I explained this to Grandpa; he would understand, he might even be sympathetic - he had battled with his share of garden pests.

I thought I saw a flicker of some kind of recognition in his eyes, even if for a moment. I suppose it could be wishful thinking. I knew he wouldn't be able to offer advice, as he had before. Still, somehow I felt like he knew we were there and maybe he was listening.

After trying to find a better radion station for Grandpa, (the nurse had turned on the radio for him earlier in the morning) Dad approached the bed and noticed that evidence of Grandpa's shallow breathing had vanished. I noticed the flicker I thought I had seen in his eyes was also gone.

The doctor confirmed what Dad already seemed to know, and I was trying to believe -- even though his body was in front of our eyes, Granpa was gone.
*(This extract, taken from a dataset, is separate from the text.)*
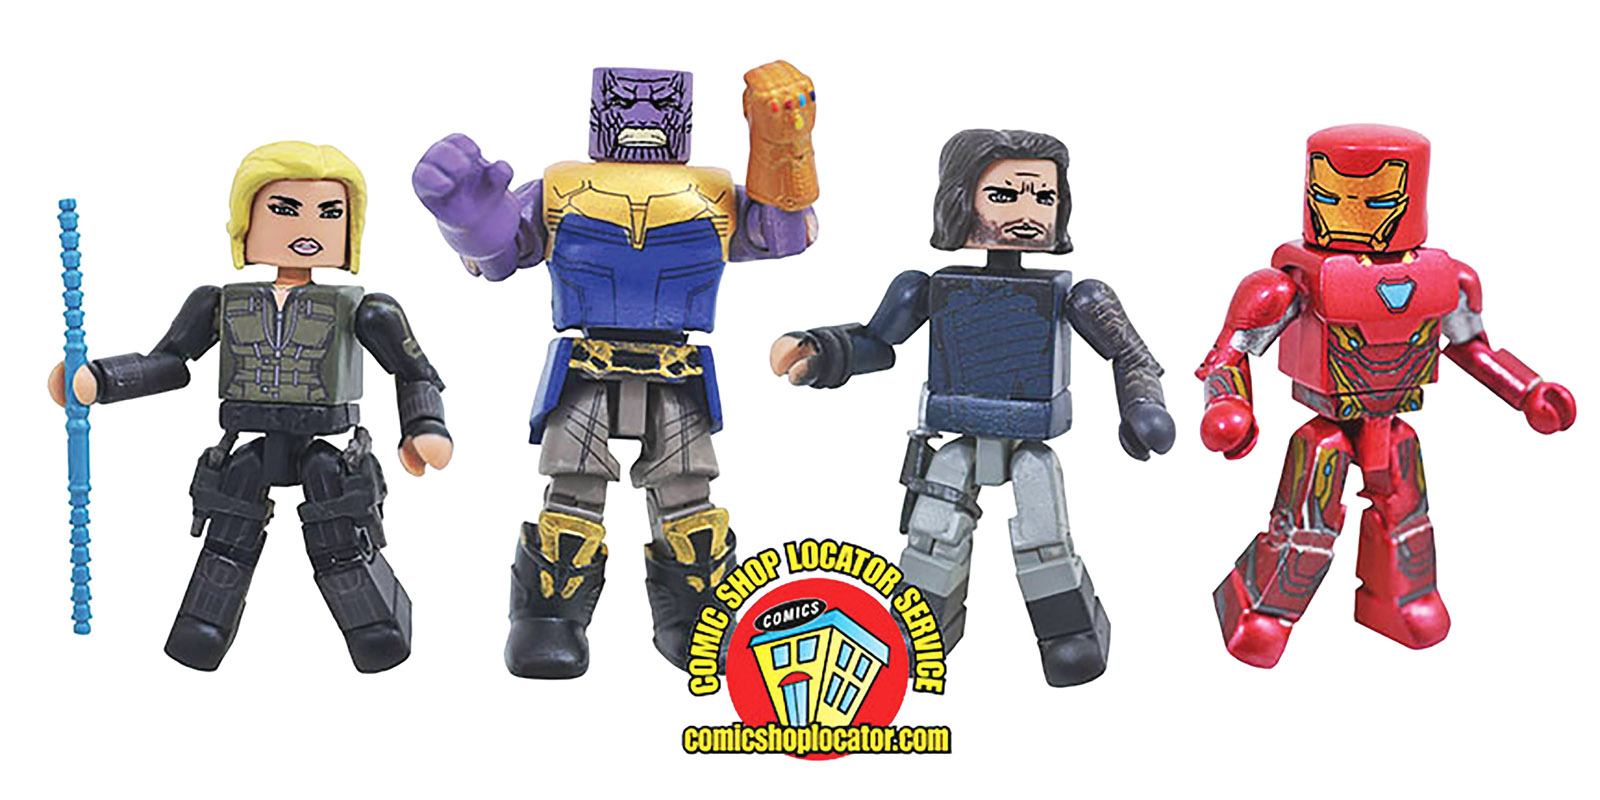 Avengers Infinity War Minimates Box Set

The time the doctor declared him was 1 p.m., although he passed before then. When exactly, I am not positive. I am pretty sure I had my hand on his shoulder though, when it happened.
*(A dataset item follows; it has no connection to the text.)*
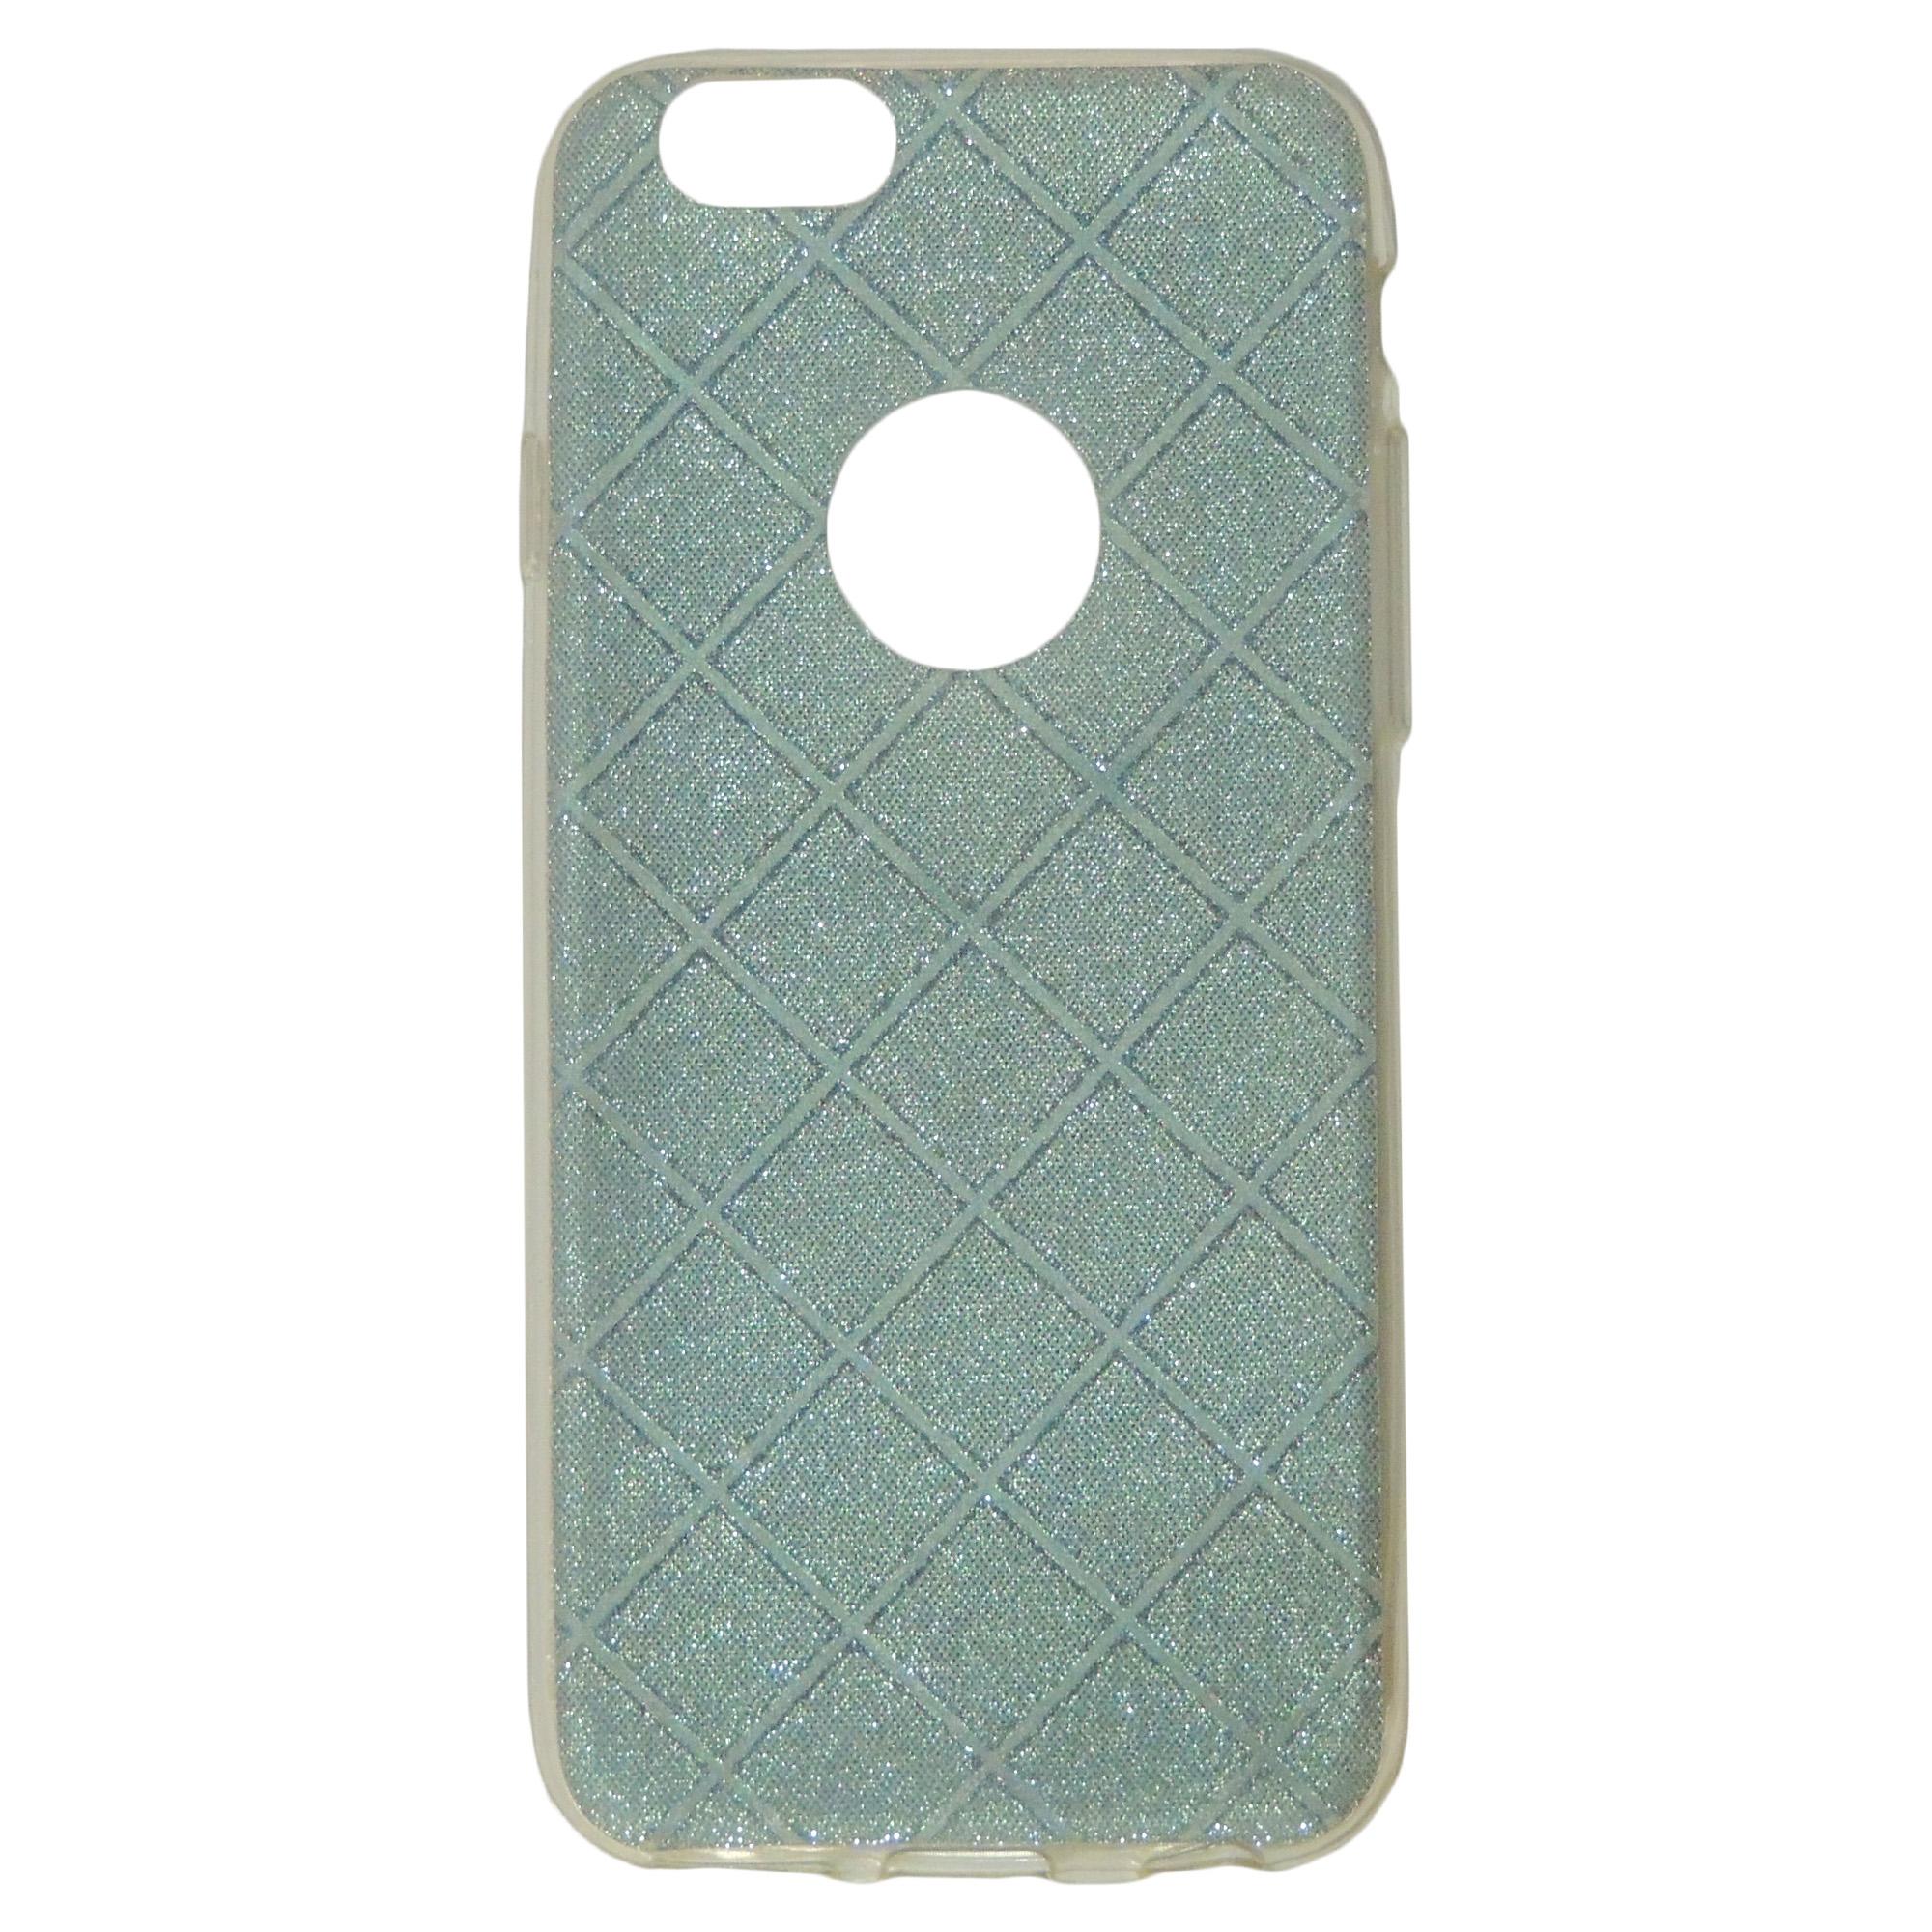 کاور ال جی دی طرح اکلیلی مدل P مناسب برای گوشی موبایل اپل Iphone 6/6s

Dad commented that death came as a surprise in the sense that it came unannounced, even if expected. We humans seem to think that because death is such a milestone in our lives...our final milestone, that it should involve some amount of fanfare: "drumroll please..." Instead in its final moment, at least in Grandpa's case, death came quietly, without giving any obvious, immediate cue that this was the end.

It almost seemed fitting for Grandpa. In the way that I knew him, he wasn't a person who liked to draw attention to himself or make a big fuss.

I am happy for him. I know he is in a better place now. But I am sad for the rest of us. We have the human job of dealing with the void in the family that has been created by his departure. It's a void with no chance of being filled. That is really the hardest part, and that is really all that is left to do.